Recently contacted by a project, the customer needs to build an FTP server. The specific requirements are: The system uses Red Hat 6.4 64-bit operating system, create 20 FTP users, these users have their own independent working directory, and upload, download, delete and other permissions, create an FTP administrative user, this user has to manage the above 20 FTP user directory permissions.
Take a closer look. It is difficult to implement the above requirement by using local user to set permissions control of genus group and file directory, so the thought of using FTP virtual user, and FTP virtual user security is high, can not log into the system, can only access the FTP server.

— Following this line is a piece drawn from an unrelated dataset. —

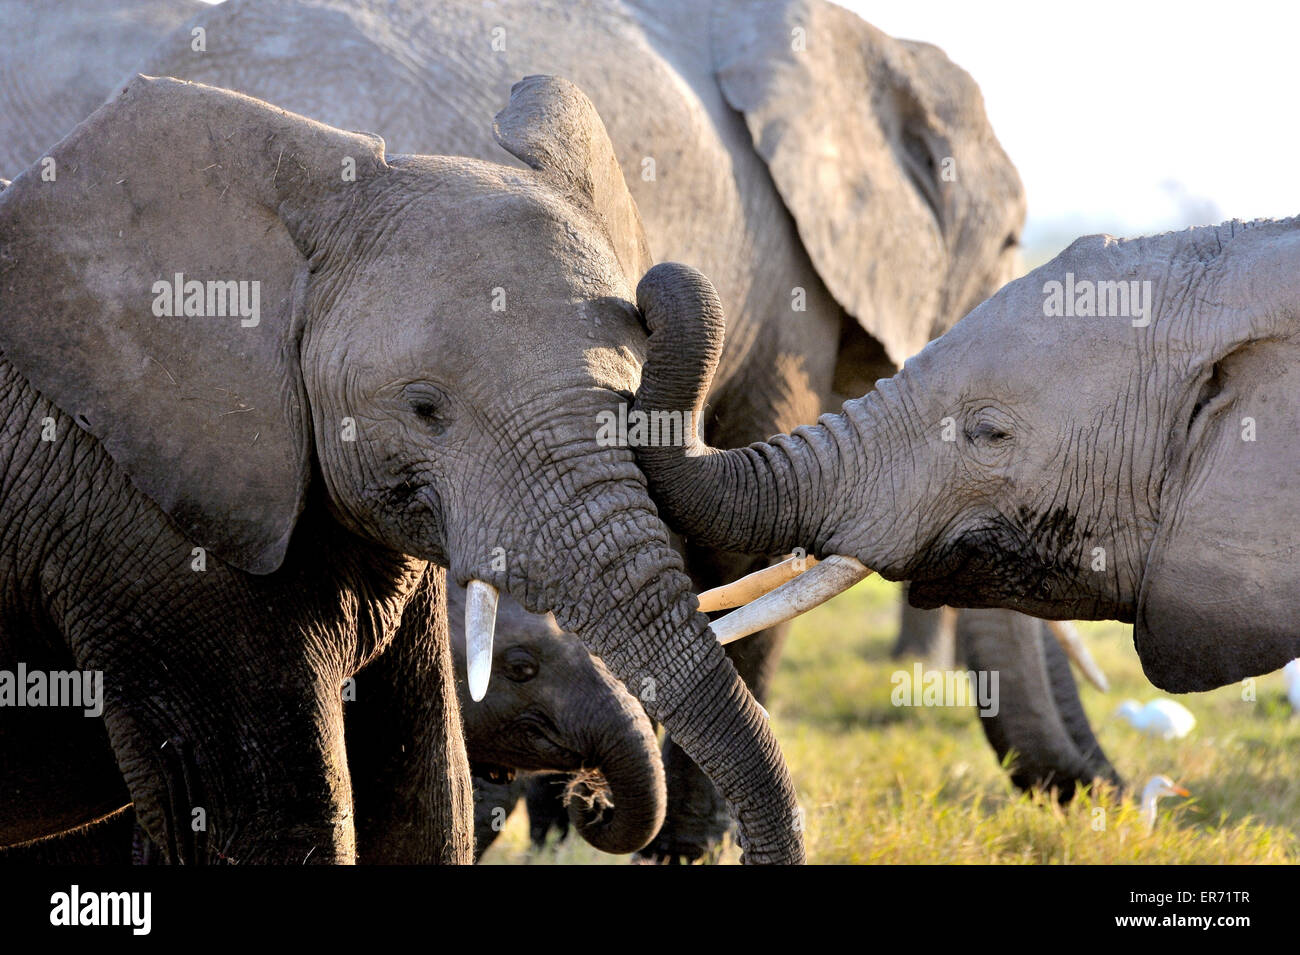 Two young elephants playing with their trunks Stock Photo

The following begins to build an FTP server in your own virtual machine environment based on customer requirements.
Lab Environment:
Operating system: Red Hat 5.8 64 for;
Installation software: Vsftpd,db4-utils
Create a virtual user Password vault file
Enter the/ETC/VSFTPD directory, create the Vuser_list file, add the required virtual user and password, add the format is a line of user name, immediately followed by a line of password, the file does not have blank lines, such as,
VI vuser_listadminadminhuaxia123456chinapay123456baofu123456albb123456
2. Production of virtual user password Authentication file
Use the Db_load command to generate a password authentication file, which needs to be placed in the/etc/vsftpd/directory, note that the Db4-utils software is installed to use the Db_load command,
Db_load-t-T Hash-f vuser_list/etc/vsftpd/vsftpd_login.db
Change the permissions of the authentication file vsftpd_login.db,
chmod 600/etc/vsftpd/vsftpd_login.db
3. Change the PAM configuration file for vsftpd to use the generated virtual user authentication file when validating the client
After you edit the/etc/pam.d/vsftpd file, annotate all the content, add:
Auth required pam_userdb.so Db=/etc/vsftpd/vsftpd_loginaccount required pam_userdb.so Db=/etc/vsftpd/vsftpd_login
4. Add a system user Virtuser to login for all virtual users
All FTP virtual users correspond to this virtual user, the virtual user uses the Virtuser user to log on the FTP server,
useradd-d/var/ftp/virtuser-s/sbin/nologin Virtuser
5. Set VSFTPD Master profile vsftpd.conf
Make a backup of the vsftpd.conf configuration file before modifying it.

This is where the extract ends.